Thizz Entertainment is a San Francisco Bay Area-based, independent record label, started in 1999 by rapper and music producer Andre Hicks, who was professionally known as rapper Mac Dre. Best known as a poster child of the hyphy movement that swept through the Bay Area in the 1990s and early 2000s.

In 2004, Hicks was murdered by an unknown assailant while traveling after a performance in Kansas City, Missouri. Upon Hicks's death and at his written direction, his mother, Wanda Salvatto, (affectionally known as "Mac Wanda") became owner and CEO.

There are no artists signed to the label and the company's primary focus is to manage Mac Dre's expansive music catalog of over 25 albums, preserve his legacy, and to hold artistic events to honor his memory.

Background 
Mac Dre was a rapper of many monikers, a natural comedian with an incredible work ethic, and an artist who forever changed the course of Bay Area hip-hop. From recording verses through a phone while serving time for a robbery charge to bringing phrases like "thizz," "go dumb," and "ghost ride the whip" into the lexicon, Dre left an indelible mark on his community during his short but prolific lifetime.  "It was always just great energy," friend and fellow rapper Mistah F.A.B. says of his performances. "You felt like when you left the show, you left Mardi Gras. That's just how dope he was."

In 1999, Hicks had relocated to Sacramento and founded Thizz Entertainment.

Music

1999-2004 
From its creation, the label, has been fundamental in the growth and popularity of the Bay Area Hyphy movement. Mac Dre's most popular albums including, Ronald Dregan: Dreganomics, The Genie of the Lamp, Thizzelle Washington, Mac Dre's the Name, were released under the label and distributed locally in partnership with City Hall Records in San Rafael.

2004 - Present 
Dedicated to protecting the works and legacy of Mac Dre, the label does not sign recording artists. Rappers and musicians that were previously associated with Mac Dre and his labels, and are still active in music, continue to support the label's efforts by promoting the brand within their own endeavors, paying homage by adding a "Thizz" prefix to their own label or production company. However, outside of this small and exclusive group, "Many in the rap game attach themselves to the term “thizz” to make a name for themselves and ride Mac Dre's coattails" said Black Dog Bone, editor of Vallejo-based Murder Dog magazine, which chronicles the rap scene.

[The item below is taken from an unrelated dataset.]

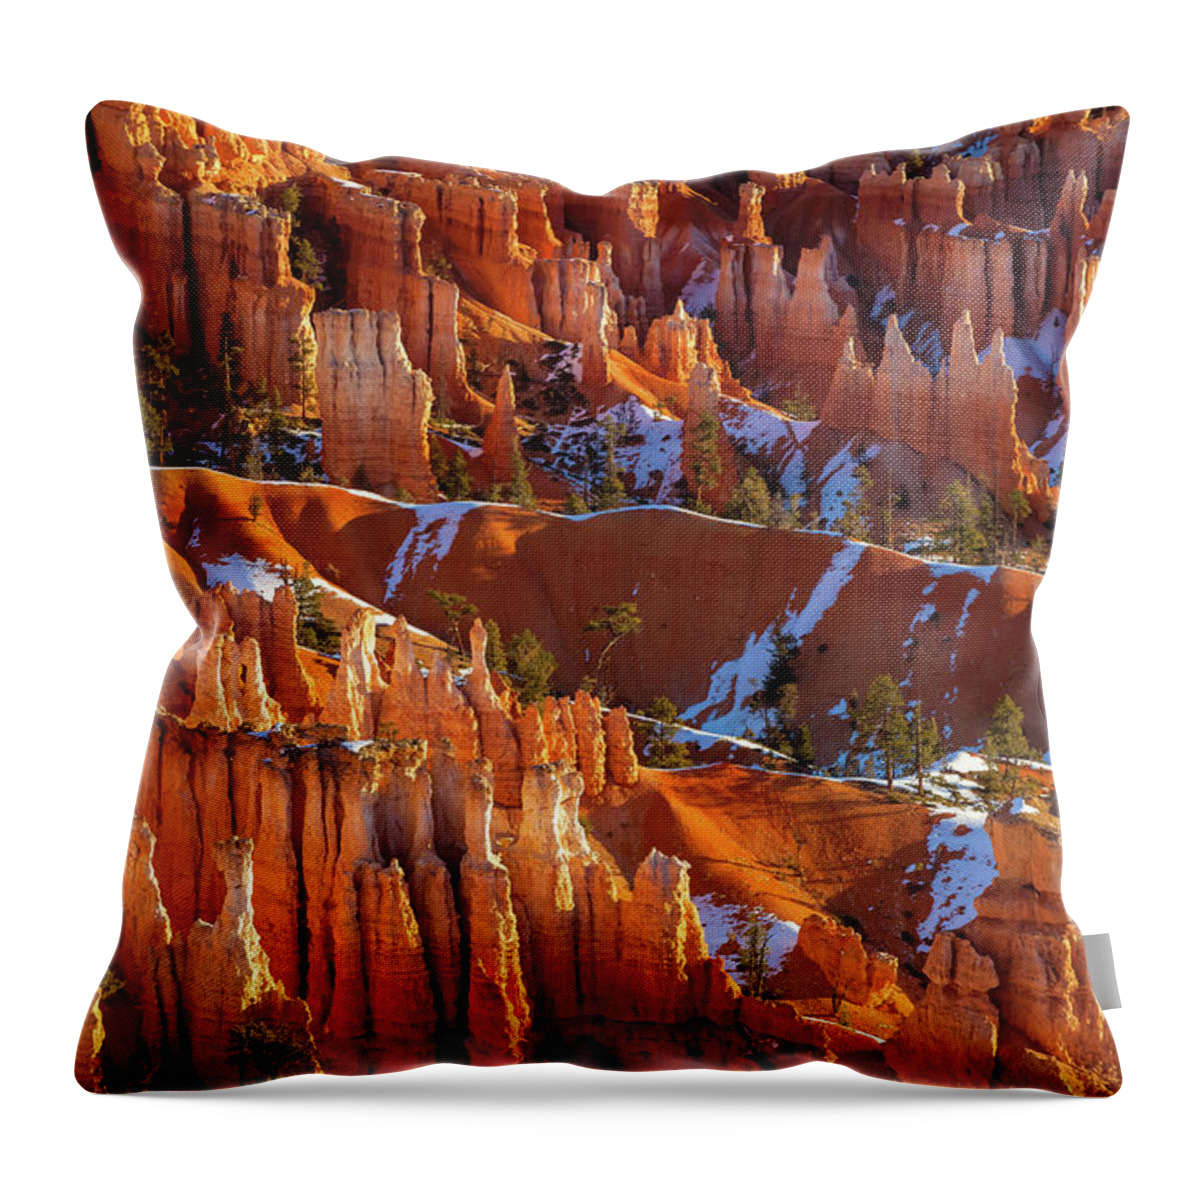 Natioanl Park Throw Pillow featuring the photograph The Hoodoos #1 by Jonathan Nguyen

The label, unaware of how frequently rappers and others were self associating themselves the label was shocked to learn in April 2012, eight years after Hicks's death, Thizz Entertainment was named by US Drug Enforcement agents in connection with the mass arrest of 25 individuals in Vallejo, Stockton, Fairfield, Oakland, Los Angeles, New York, and Oklahoma City. Several that were arrested had falsely purported publicly to be signed and/or otherwise a part of the label.

As of 2018, Former Thizz Entertainment artists continue to support and assist Salvatto in curtailing flagrant misuse or misrepresentation of affiliation to the current label or Mac Dre's brand by unauthorized third parties which is an on-going effort.

Annual Events
Ten years after his death, his mother was still receiving an excess of requests, comments, letters from young people, with stories of how Mac Dre affected them or got them through tough times in their young lives. “I didn't realize how big his presence was in the Bay Area and actually across the United States ” stated Salvatto. She wanted to give young artists a chance who may not otherwise have an opportunity to showcase their talent.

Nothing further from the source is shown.